Here’s How To Slash The Cost Of A Tesla Model S By $6,000
Lux Research in its latest report entitled “Silicon vs. WBG: Demystifying Prospects of GaN and SiC in the Electrified Vehicle Market” highlights the advantages of silicon carbide (SiC) and gallium nitride (GaN) power electronics, which enables a huge cost savings.
Both materials are wide bandgap (WBG) materials, which used in power electronics are much more efficient than silicon and because small losses, which always are turned into heat, the whole device can be smaller and lighter.
According to Lux Research, as early as 2020 SiC could be displacing silicon in electric vehicles (EVs).
Lux Research stated that 20% power savings on a Tesla Model S can result in over $6,000 in battery cost reductions, or 8% of the vehicle’s cost.
Power electric already is very efficient (at least ~ 90%) so even reducing losses by 10 times we gain maybe 9% (plus less weight), but the high savings comes from smaller a battery pack at the same range. And because Tesla has the largest battery pack, the savings will be the highest.
Pallavi Madakasira, Lux Research Analyst and the lead author of the report, stated:
“Efficient power electronics is key to a smaller battery size, which in turn has a positive cascading impact on wiring, thermal management, packaging, and weight of electric vehicles.”
“In addition to power electronic modules, opportunities from a growing number of consumer applications — such as infotainment and screens — will double the number of power electronic components built into a vehicle.”
Lux Research released a few predictions for commercial roll-outs of WBG-based power electronics, among which we see:
- Power saving threshold lower for EVs. At 2% power savings, if battery costs fall below $250/kWh, SiC diodes will be the only economic solution in EVs requiring a large battery, such as the Tesla Model S. However, for plug-in electric vehicles (PHEVs), the threshold power savings needs to be a higher 5%.
- SiC ahead in road to commercialization. SiC diodes lead GaN in technology readiness and will attain commercialization sooner, based on the current Technology Readiness Level (TRL). Based on the TRL road map, SiC diodes will be adopted in vehicles by 2020.
- Government funding is driving WBG adoption. The U.S., Japan and the United Kingdom, among others, are funding research and development in power electronics. The U.S. Department of Energy’s Advanced Power Electronics and Electric Motors is spending $69 million this year and defining performance and cost targets; the Japanese government funds a joint industry and university R&D program that includes Toyota, Honda and Nissan.

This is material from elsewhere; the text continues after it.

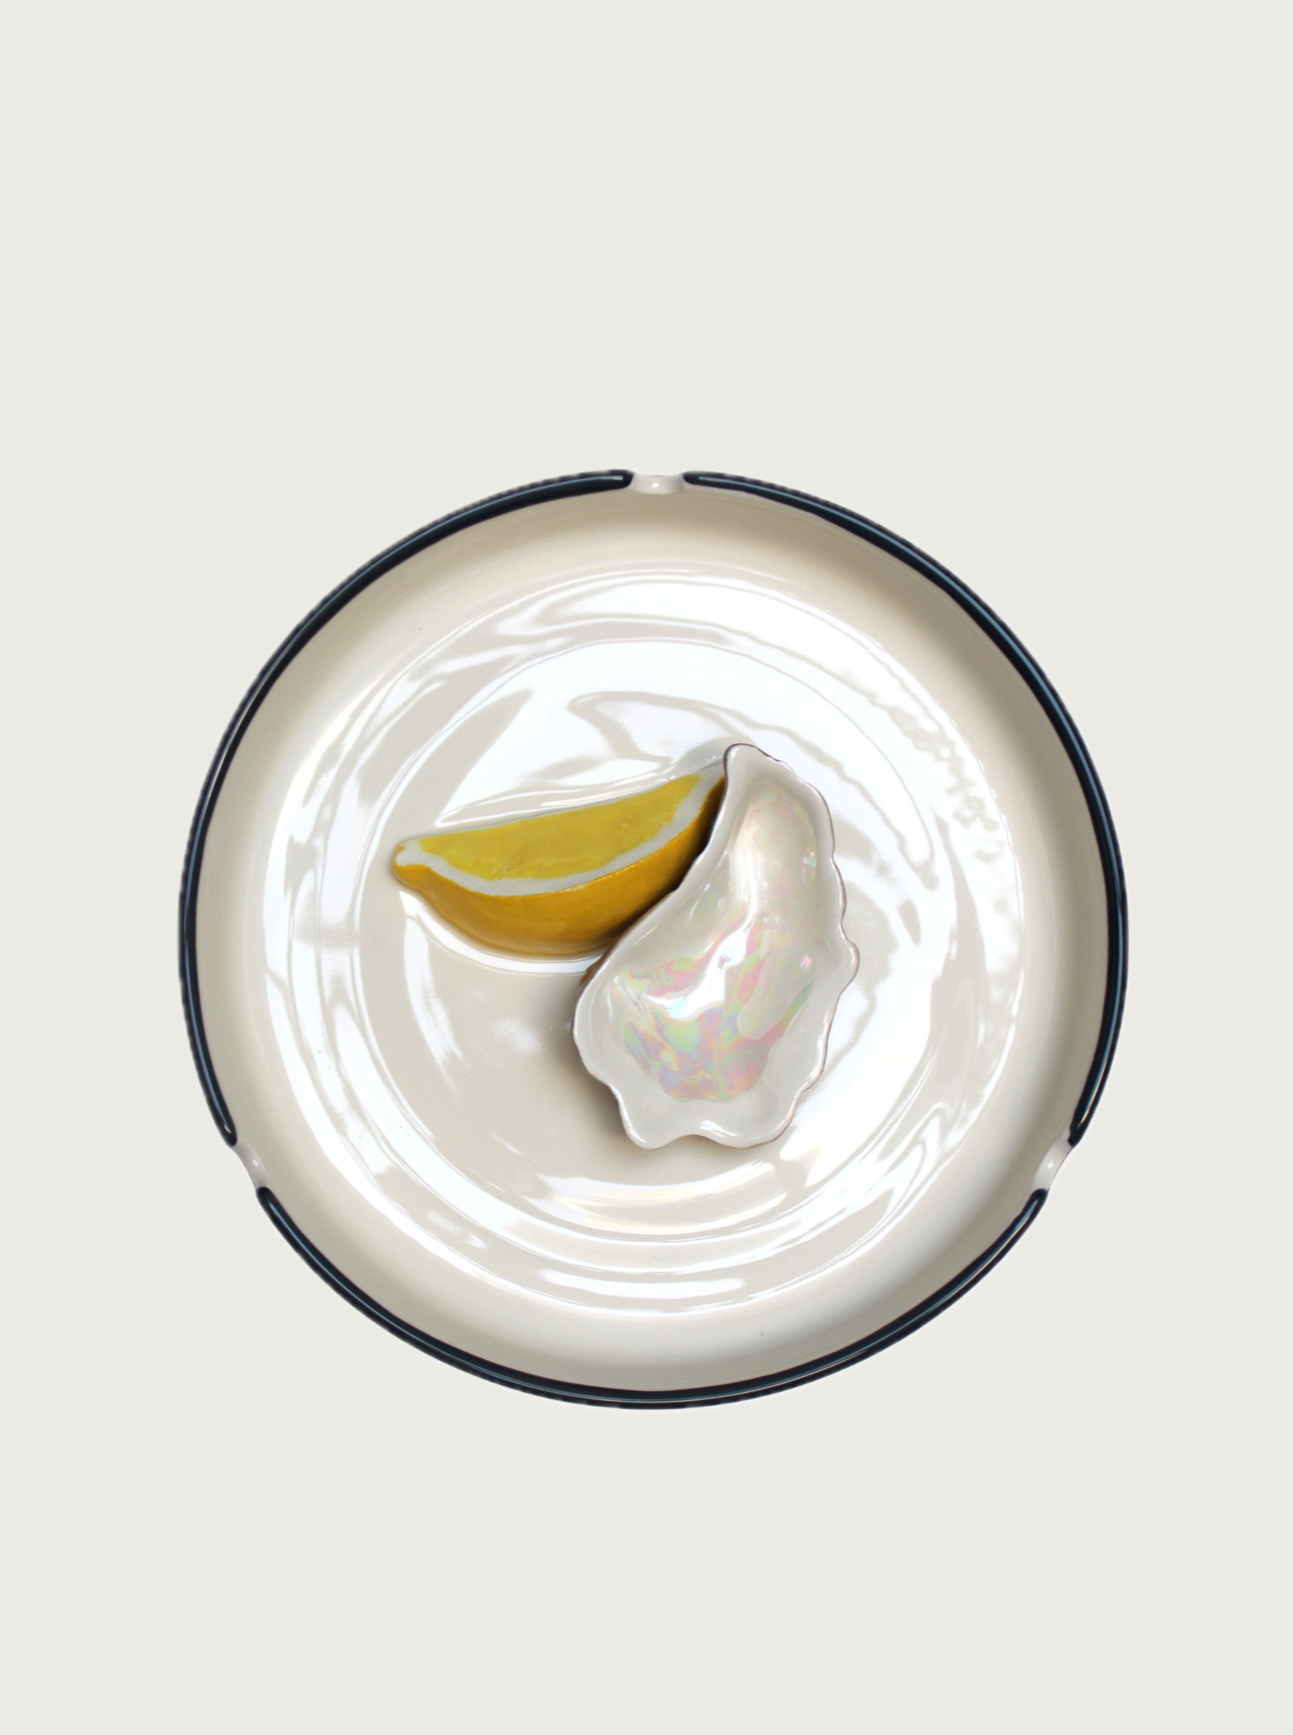 A pristine white plate with a black rim holds a shiny, iridescent Plaisir Solitaire Ashtray by Villa Arev and a slice of lemon, both centered in the middle. The scene evokes Mediterranean vibes reminiscent of Villa Arev, set against a solid white background.
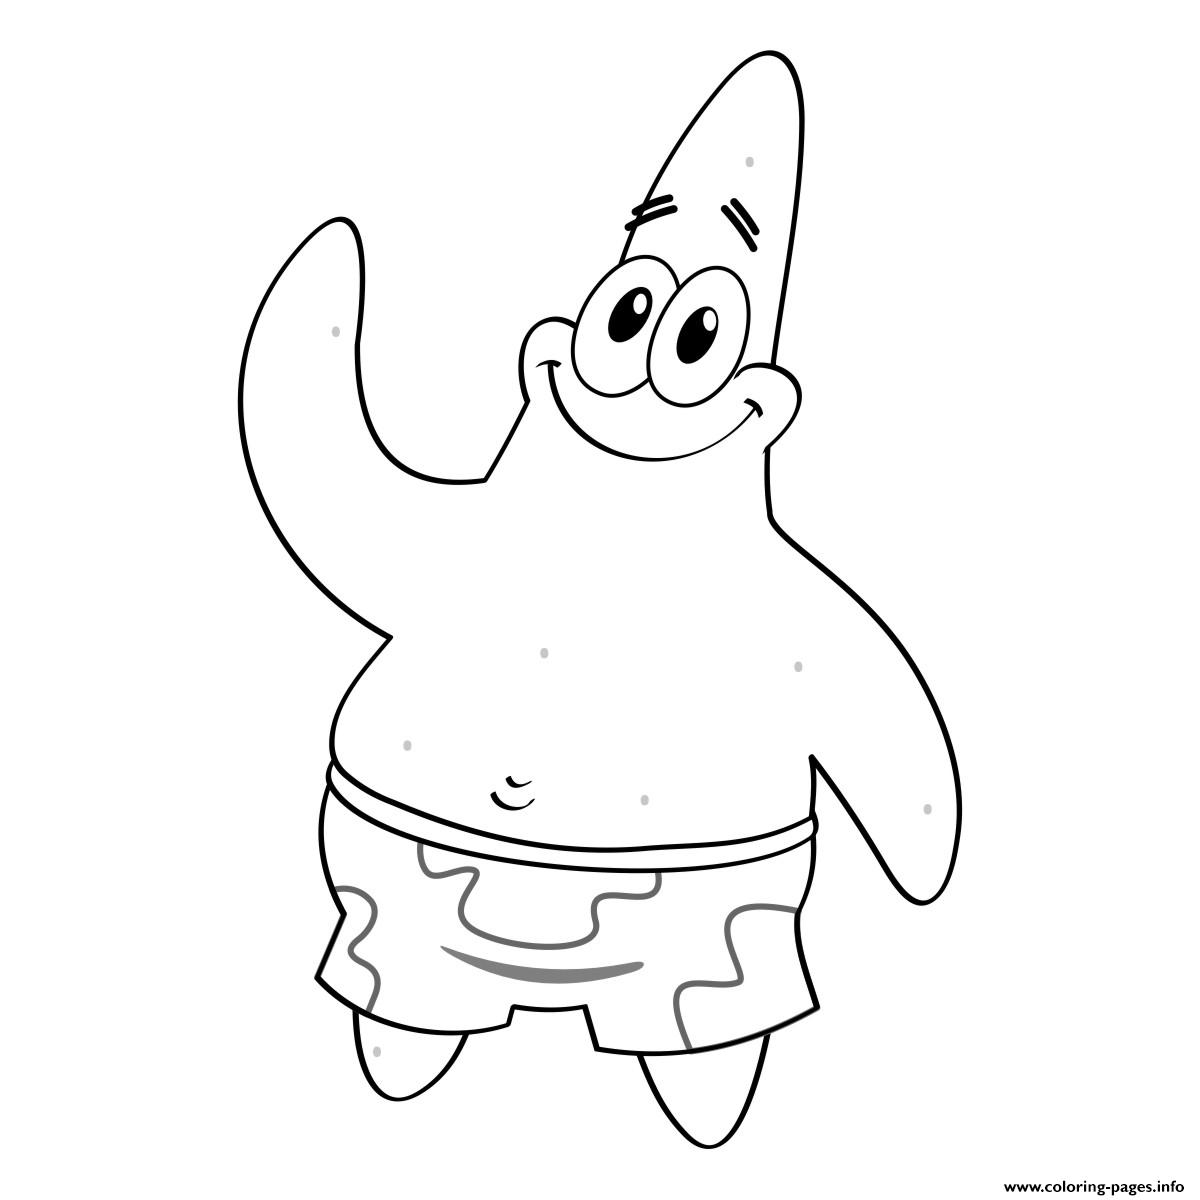 Patrick Mahomes Pages Coloring Pages1200 x 1200

Thanks to Green Car Congress we came on the trail of a demo 6 kW silicon carbide (SiC) on-board charger for a plug-in Toyota Prius, which now is a pocket charger!
“APEI, Toyota, Cree, Oak Ridge National Labs, the University of Arkansas, and ARPA-e are working to change the face of Plug-In Electric Vehicles. This team has create a silicon carbide based battery charger, which features power capability of over 6 kWs, 95%+ efficiency, and ultra-high power density of 5 kW/L and 3.8 kW/kg. The new Level 2 isolated on-board vehicular battery charger utilizes silicon carbide power devices for application in electric vehicles and plug-in hybrid electric vehicles. The heart of the charger is APEI’s 1 MHz+ high-frequency capable multi-chip power module allowing for 200 °C+ high junction temperature operation which, when coupled with high switching frequency, allows for an order of magnitude increase in power density — with a simultaneous increase in system efficiency over currently used technologies. This new technology will translate to faster charging times and decreased dependence on fossil-based fuels for the end user.”